Oh, and a funny from my oldest. Since he has such a negative attitude about many things...here is his latest...

It's not fair that my brothers get to get my old clothes to wear. They always have enough clothes to wear. No one passes down clothes to me, you ahve to buy them!!! It's not fair!

deb215
03-15-2005, 10:38 AM
Oh, and a funny from my oldest. Since he has such a negative attitude about many things...here is his latest...

It's not fair that my brothers get to get my old clothes to wear. They always have enough clothes to wear. No one passes down clothes to me, you ahve to buy them!!! It's not fair!

;pop: OMG ~ LOL :hahaha:

I always wounder what will come out of dd's mouth some days - its hard not to laugh when they are being so serious about somethings.

Charity
03-15-2005, 10:55 AM
If he loses a paper, socks, etc then someone 'stole' it.

Ah yes, we hear that here too....sigh

bluehalo
04-12-2005, 09:06 PM
another mom of a spirited 4 y.o. here too...

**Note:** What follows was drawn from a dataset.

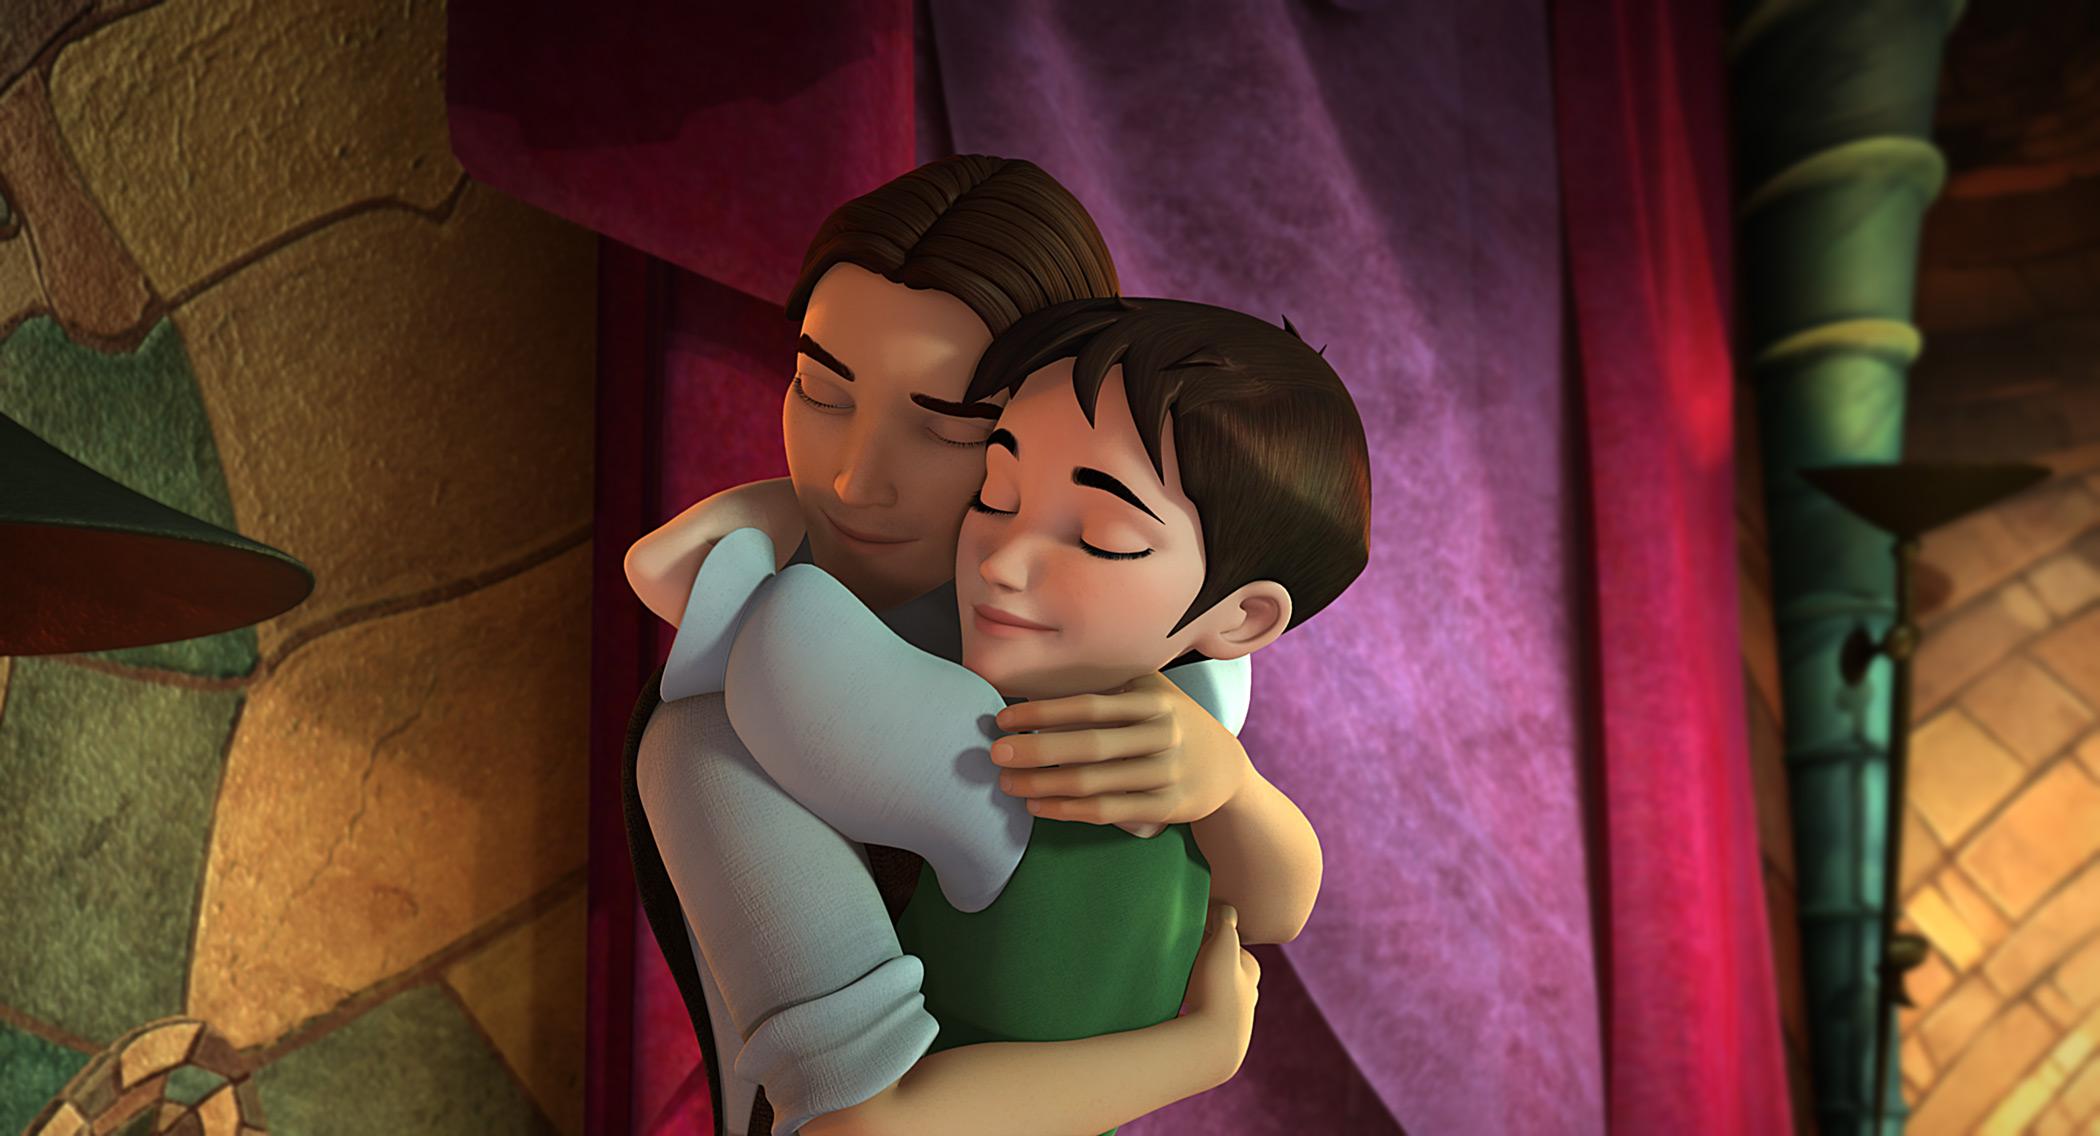 HD Wallpapers Rick (voiced by Freddie Prinze, Jr.) and Ella (voice by Sarah Michelle Gellar) in HAPPILY N'EVER AFTER.
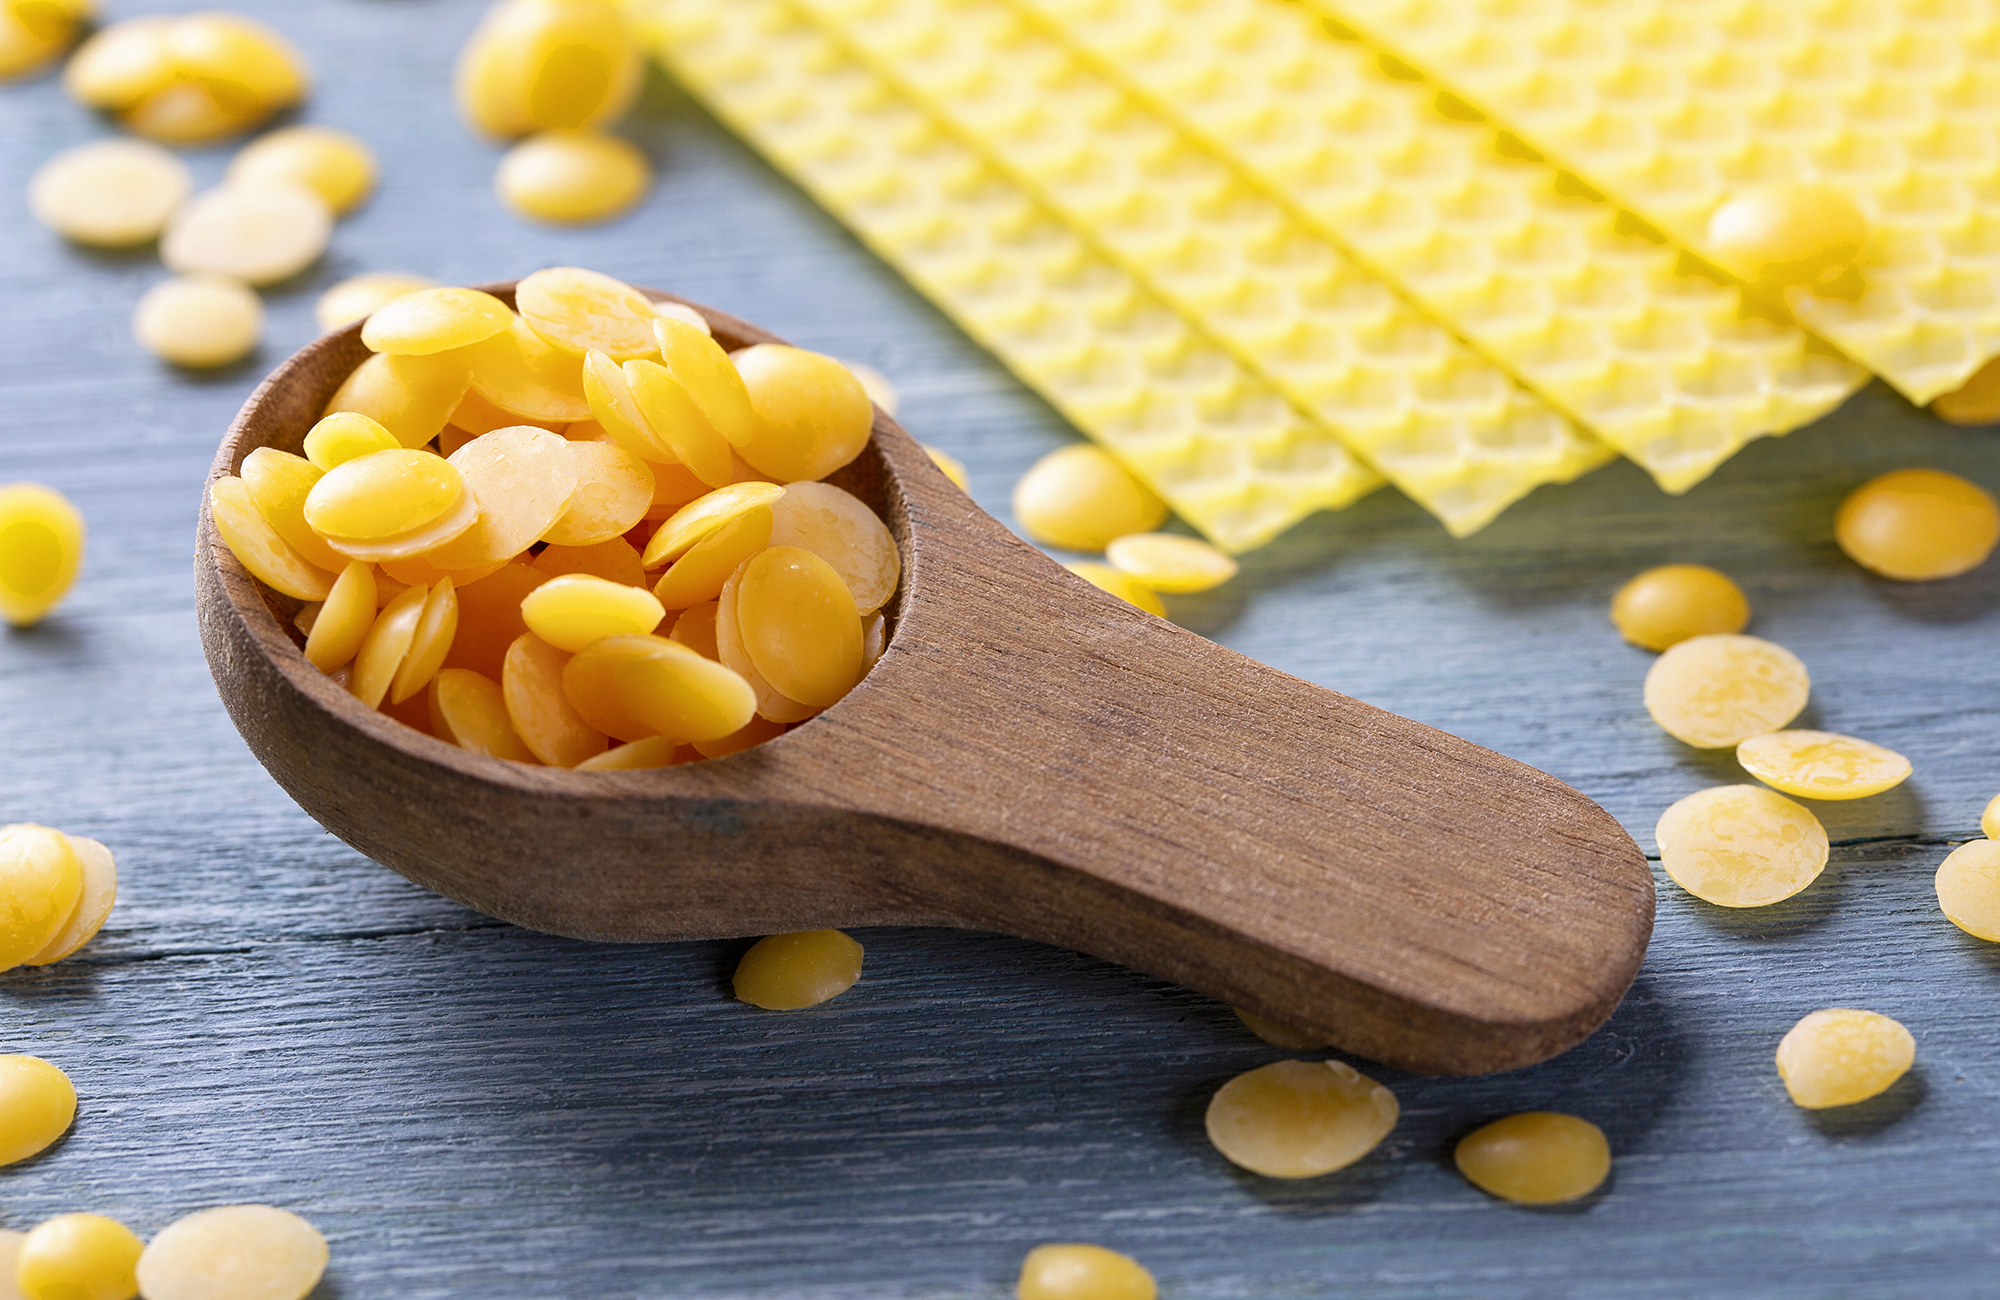 Beeswax For Skin Care: Why It's Great For Dry Skin - Fairy Secrets

I just finished reading "Living With Your Active Alert Child" ... I really recommend it. Here's a link to a pretty thorough outline, to give you an idea of what it's about.
http://www.network54.com/Realm/Spirited_Kids/Budd.htm

It's similar to "Raising your Spirited Child", but it talks a lot about this one specific temperment that she's coined "active alert" ... it really sums up our DS to a "T". Although it didn't have a *ton* of new recommendations (to be fair, I've done a *lot* of reading on this topic, so there's not a whole lot new out there anyway *lol*), I found it very validating. It had some interesting information on family types, and how each member plays a role, and how "active alert" children fit into those families.

huskrkid
04-13-2005, 05:15 AM
I just wanted to tell you I could have written your post. Dd is the same way right now. You are not alone by any means!!! :big hug:

Sunni
05-04-2005, 11:08 AM
My son is 4 1/2 and I could have written your post almost word for word except he rarely likes to snuggle and he constantly inturrupts (off subject) when I read to him. :rolleyes: I really am believe that 4 is a *tough* year! Almost every day is a huge challange anymore! I just hope 5 gets better!

cristian_bella
05-06-2005, 01:00 PM
You've described my son to a "T," too! We are 2 days into 4 & he's been doing all this for the past 3 weeks. SO glad there are other mamas going through the same. :hug: Sorry I don't have any useful information right now. We're just doing a lot of eye to eye talking & trying to spend more time w/ him. He has a younger sib, too, so maybe the fact she's recently become mobile has something to do w/ it.

bluehalo~ the book & link sound very much like Cristian. I'll have to check it out. Thanks for the info.